If that sits a little uncomfortably for you, or if you’re looking for an area to make a big impact on your carbon footprint, we recommend meal planning. This affords you the opportunity to:
- Spot where food waste might occur and plan your meals so you reduce/eliminate it
- Research what foods are in-season
- Set goals, like ‘only spend £X on food this week’ or ‘include two vegetarian/vegan dinners this week’
Pawprint’s ‘A week of low carbon dinners in April’ meal plan:
Monday: Whole roasted cauliflower. Butter, paprika and garlic transform this crunchy vegetable into a mouthwatering treat. Pop it on a bed of lemon-y tahini, use some fresh bread to wipe up the sauce, and you’ve got yourself a delicious, low-carbon meal.
Tuesday: Chicken and red pepper curry, with a saag aloo side. Chicken is a low-carbon meat, though you can make it fully plant-based by swapping it out for chickpeas or Quorn chicken pieces. Or both.
Wednesday: Purple broccoli and pak choi stir fry. Swap normal broccoli for its purple sprouting cousin and this recipe is healthy, delicious and low-carbon. You could even add some sweet chilli-marinated chicken or tofu to bulk it up. And of course, egg noodles (or rice, if you want to keep it vegan).
Thursday: Chorizo and cabbage stew. Pork has double the carbon footprint of chicken, but less than half of beef, making it a good substitute if you’d normally opt for a stew made from the latter. If you’re veggie, try swapping the chorizo for halloumi. It’s a great alternative to salty pork.

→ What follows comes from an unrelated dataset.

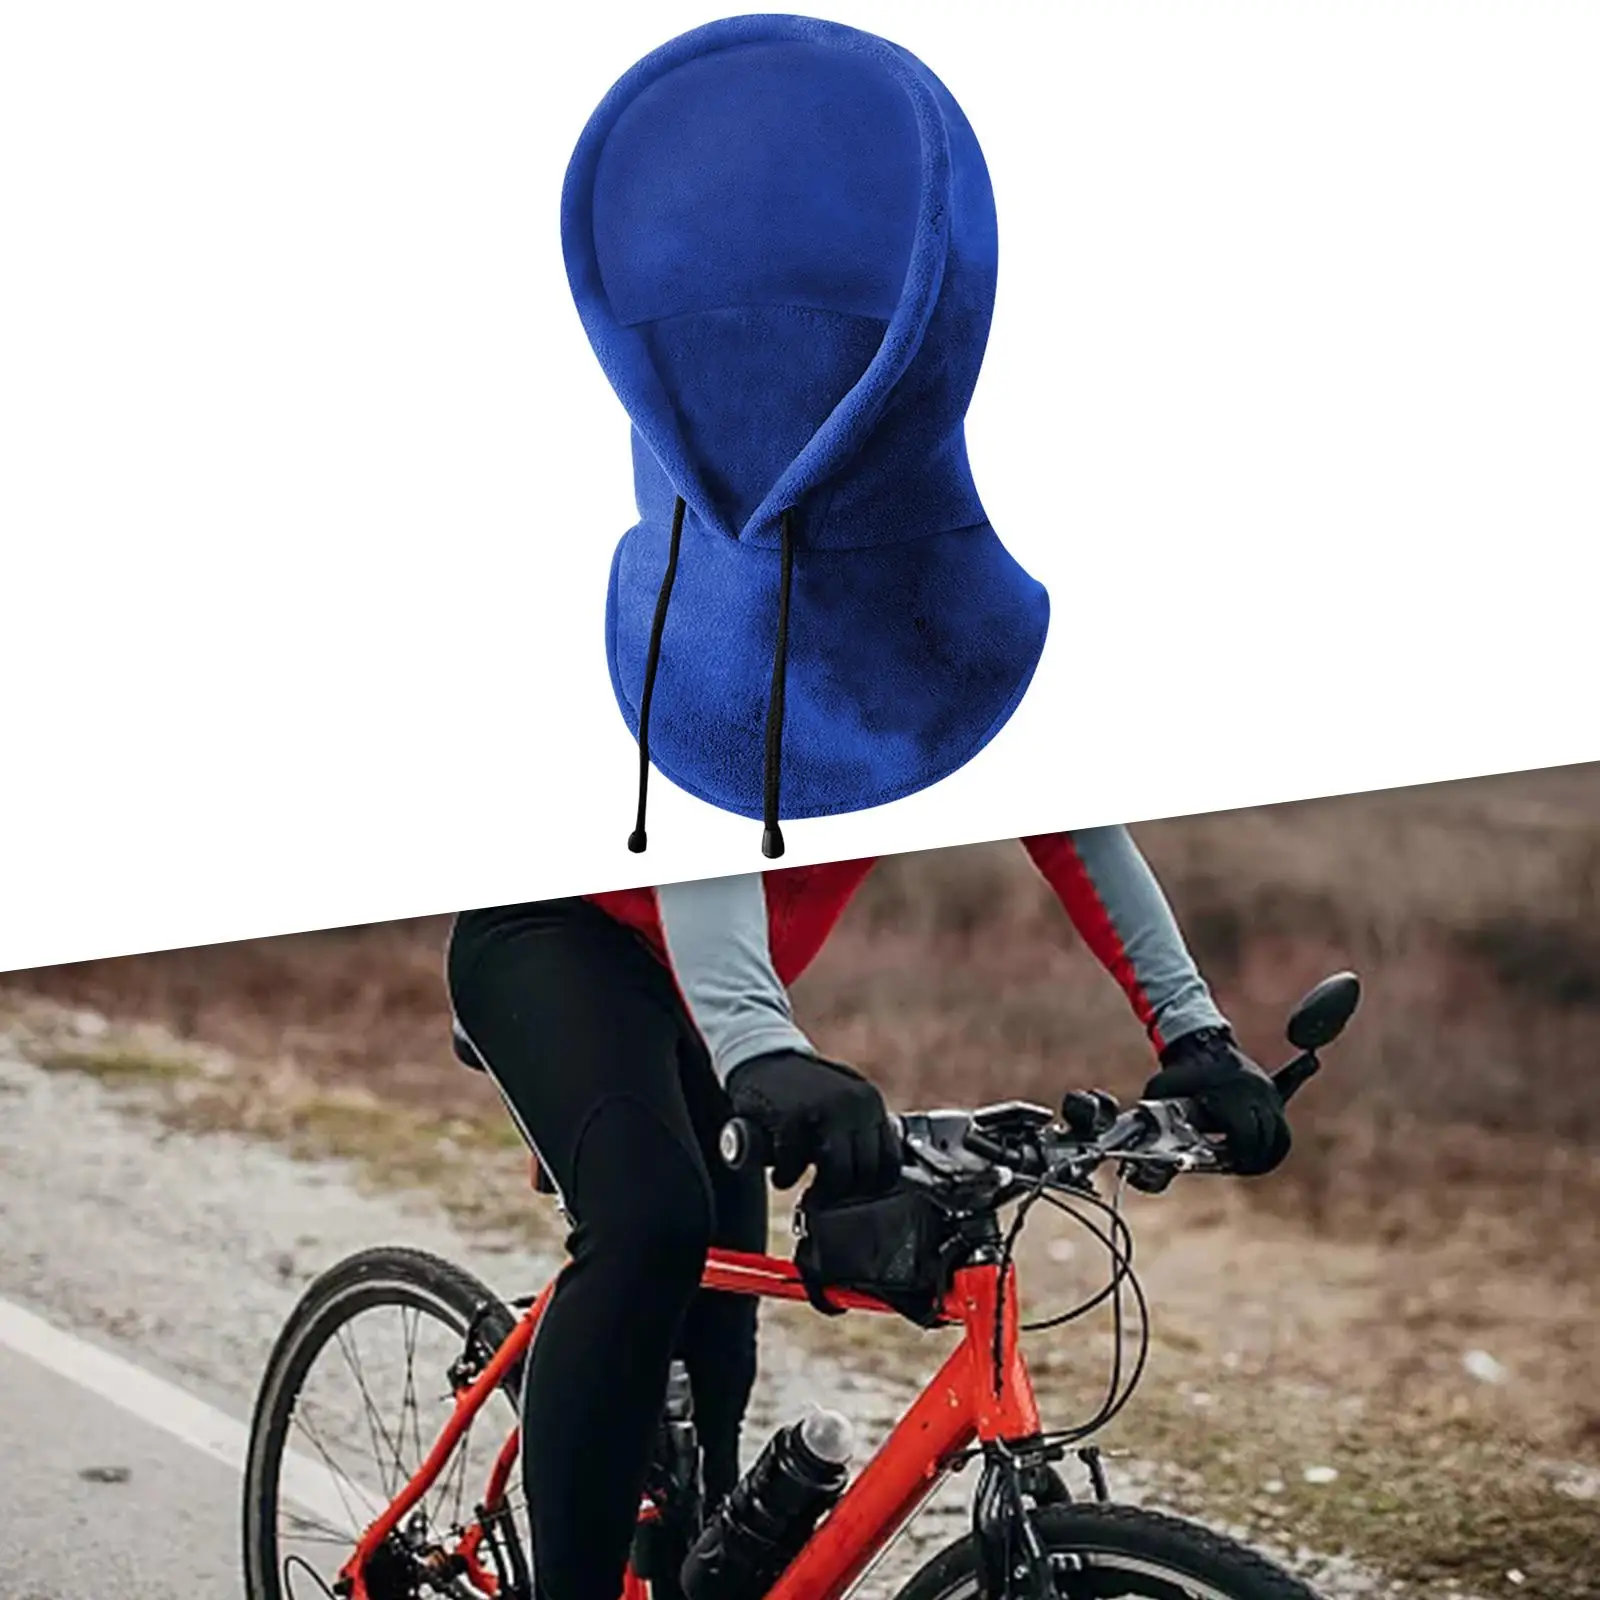 Winter Warm Riding Mask Windproof Full Face Headgear Outdoor Sports Mask Hooded Cycling Scarf Fleece Insulation Elastic Mask

Friday: It’s the end of the week, so whatever you’re making needs to be easy and it needs to be cheesy (or is that just us?). How about a lemon and spinach pasta bake?
Saturday & Sunday: Use up any leftover ingredients from the past week. Other than that, treat yourself to whatever you like. It’s the weekend!
Eating low carbon is only impactful if you stick at it, so don’t bite off more than you can chew. Five low-carbon meals a week is a great start!